東京帝国大学予備問に進学するが、大学の授業がつまらなくて中退。その後アメリカを転々とし、最後はロンドンへ。毎週大英博物館に通って研究。ネイチャーに50本(日本人最多)の論文投稿。四カ国語話せた。
日本に戻ると和歌山県の田辺に籠もって研究。粘菌の研究。世界に出ずに自分の故郷・和歌山に地盤を置いてぶれなかった。
40代になると、神社の合祀と森林伐採の反対運動の先頭にたった。
神社合祀によって文化的影響だけでなく、森林が伐採され開発によって生態系バランスが崩れる。

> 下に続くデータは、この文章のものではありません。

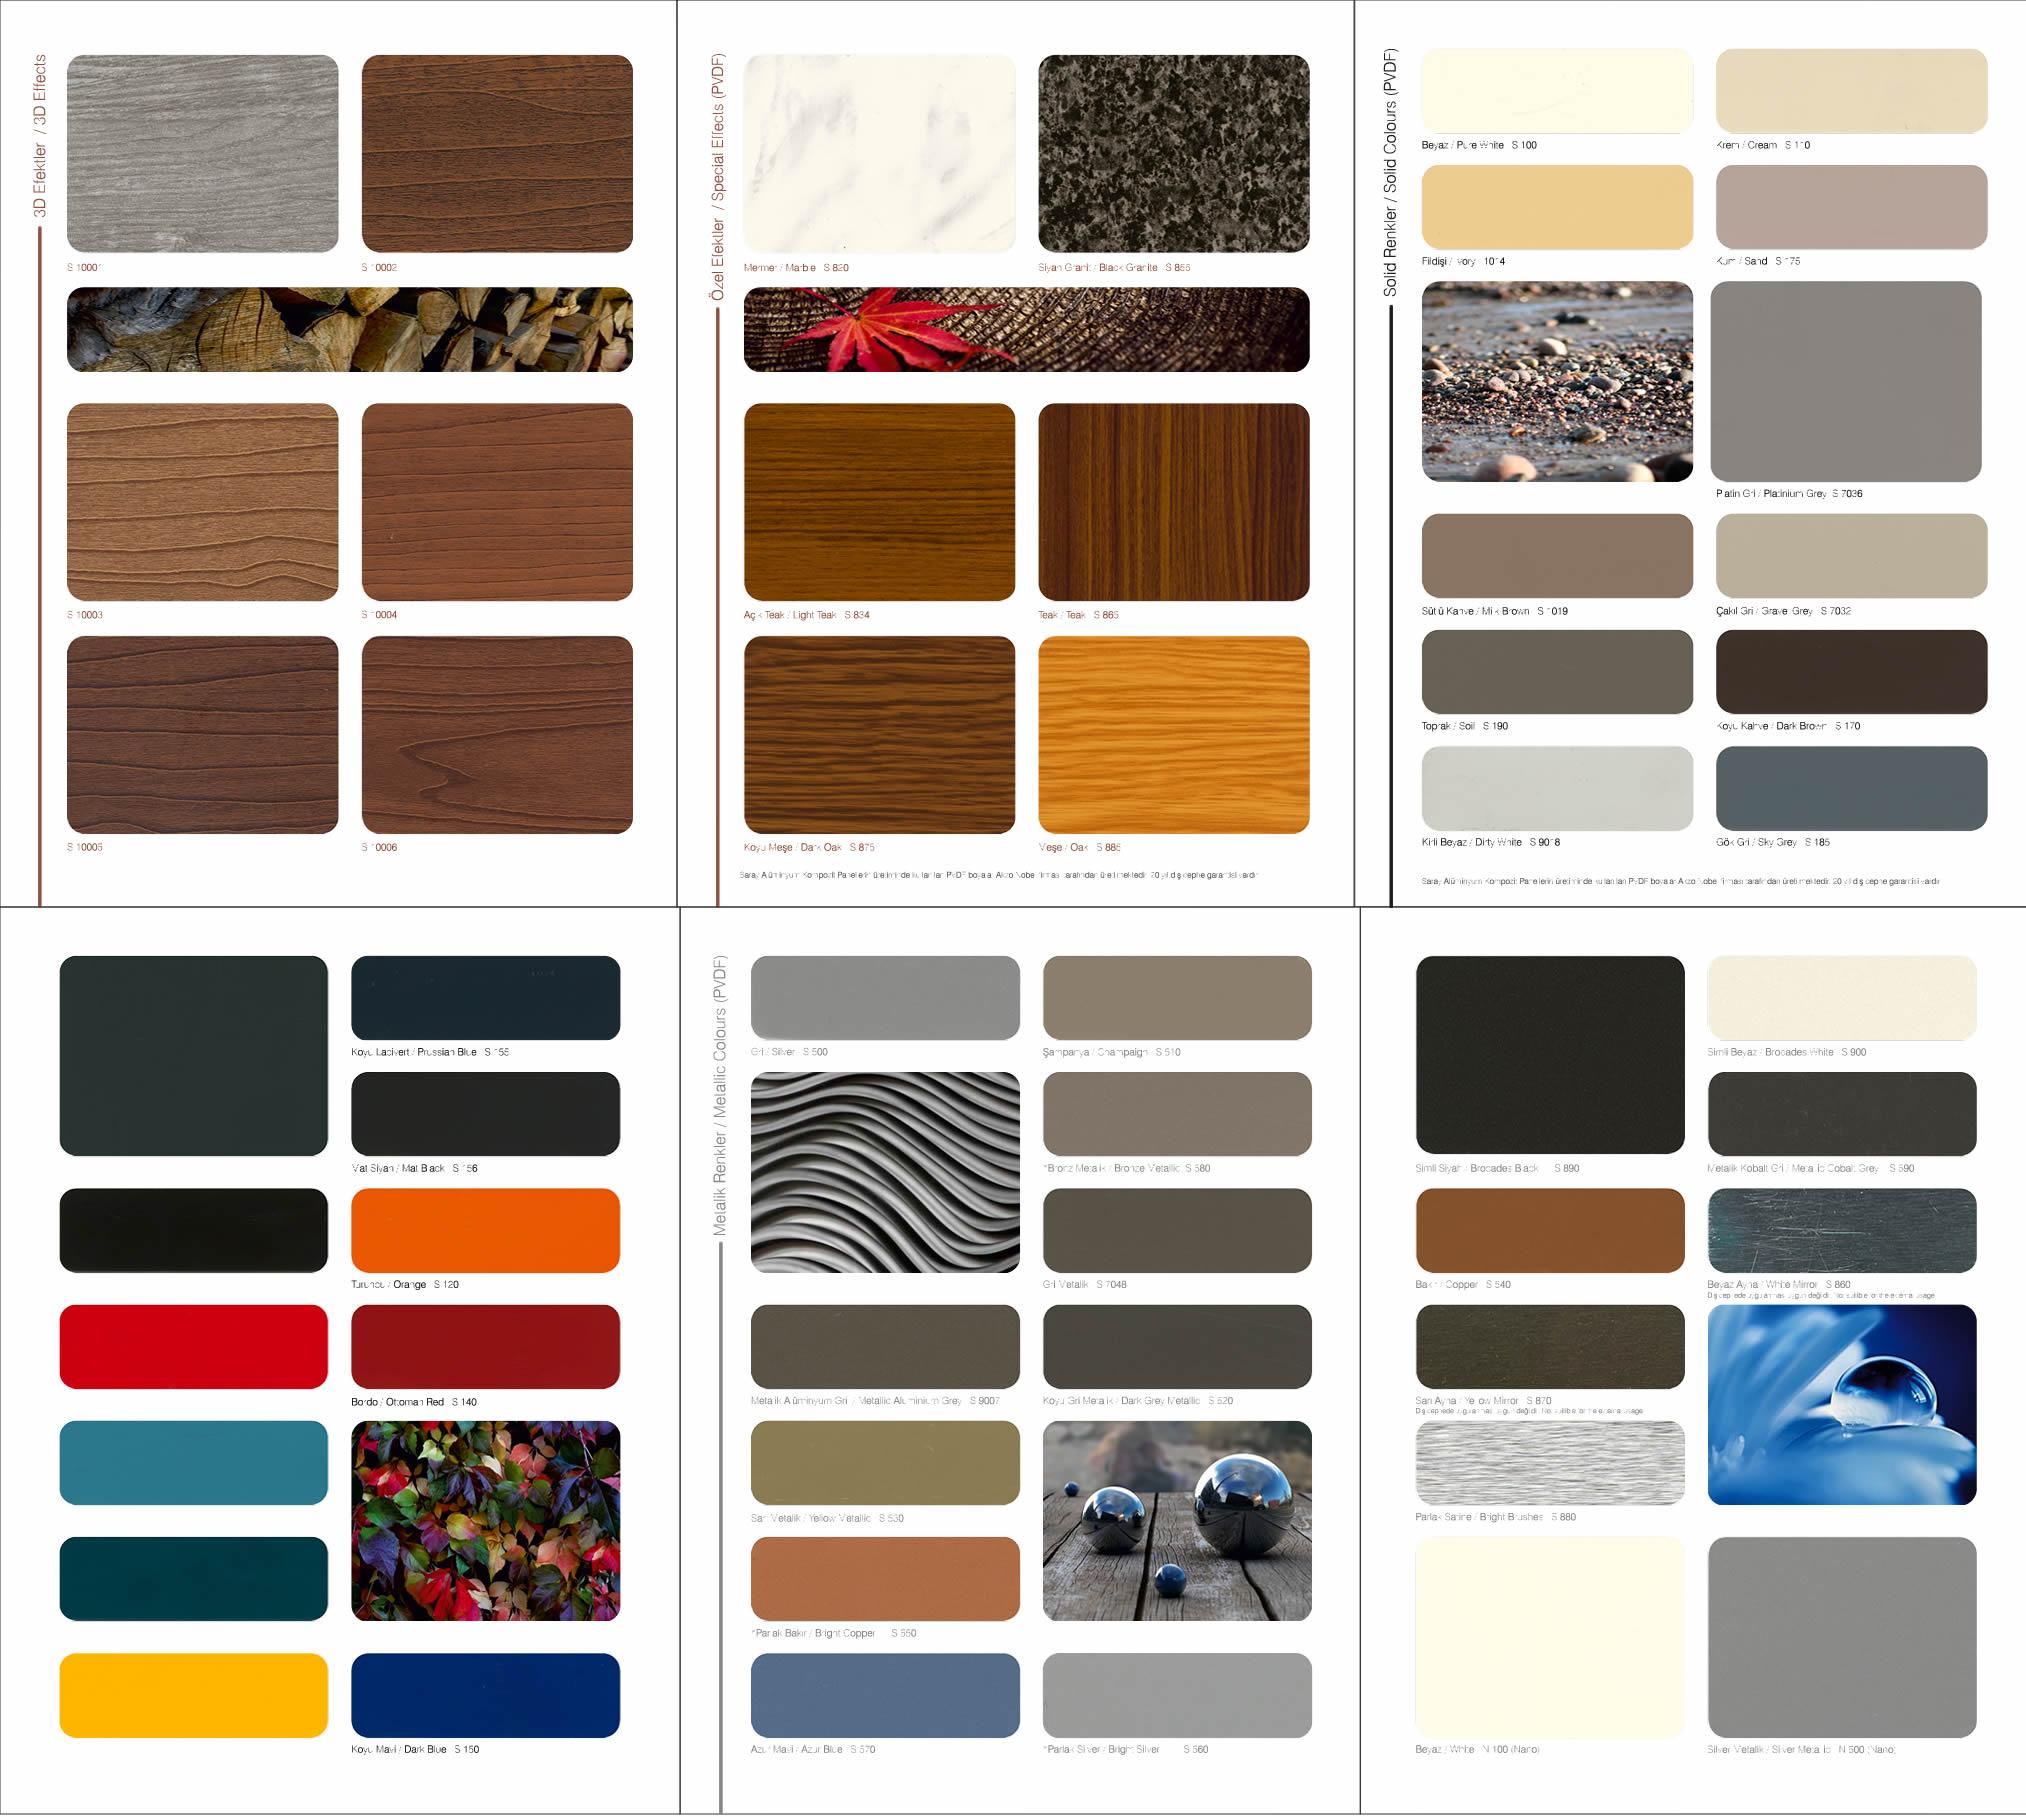 Canlar alminyum saray alminyum composite panels nvjuhfo Image collections

世界的なグローバルな視野を持ちながら、ローカルに軸を据えてぶれない。
人間を人間たらしめるものは何なのか。日本人はどういう暮らしを営んできたのか。
南方熊楠と宮澤賢治。ローカルに軸を起きながら、世界・宇宙が見えていた二人の偉人。地方分散型の暮らしを考える上で彼らの思想や生き方を知ることは大切だと感じた。

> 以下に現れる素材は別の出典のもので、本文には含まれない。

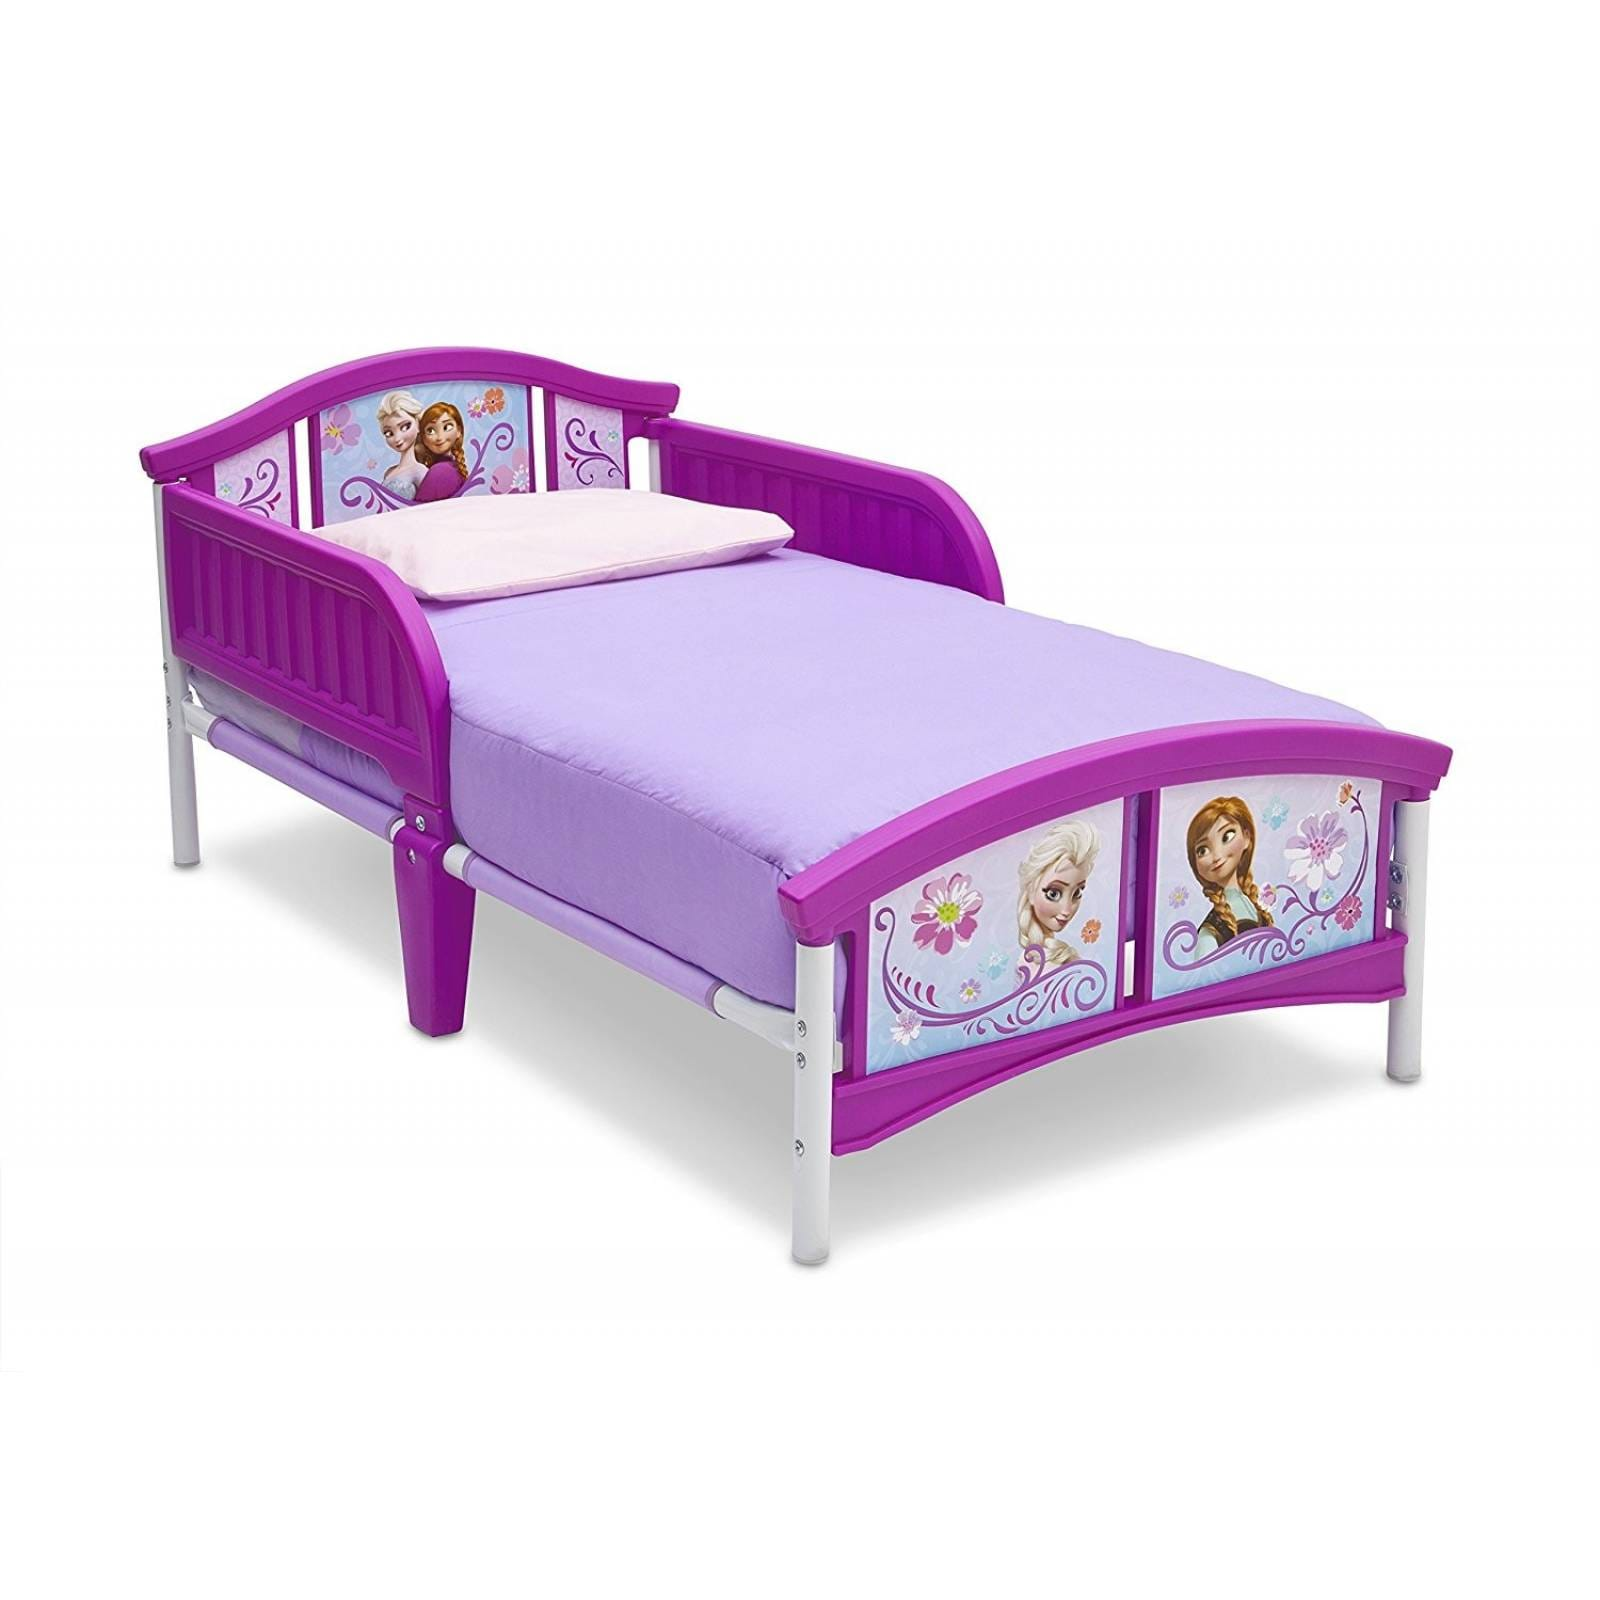 Cama Infantil Delta Children Disney Frozen Hasta 22kg -rosa

自然の生態系は多様性がある。村社会の多様性。顔の見える関係性。自治の機能が肥大化していくと自然と伝言係が増え余計な仕事が増える。小さく暮らして程々に豊だった時代を見直すべきかもしれない。
資本主義化、合理化、効率化は自然の生態系を取り戻すためには誤った仕組みなのかもしれない。
ダイバーシティ=雑。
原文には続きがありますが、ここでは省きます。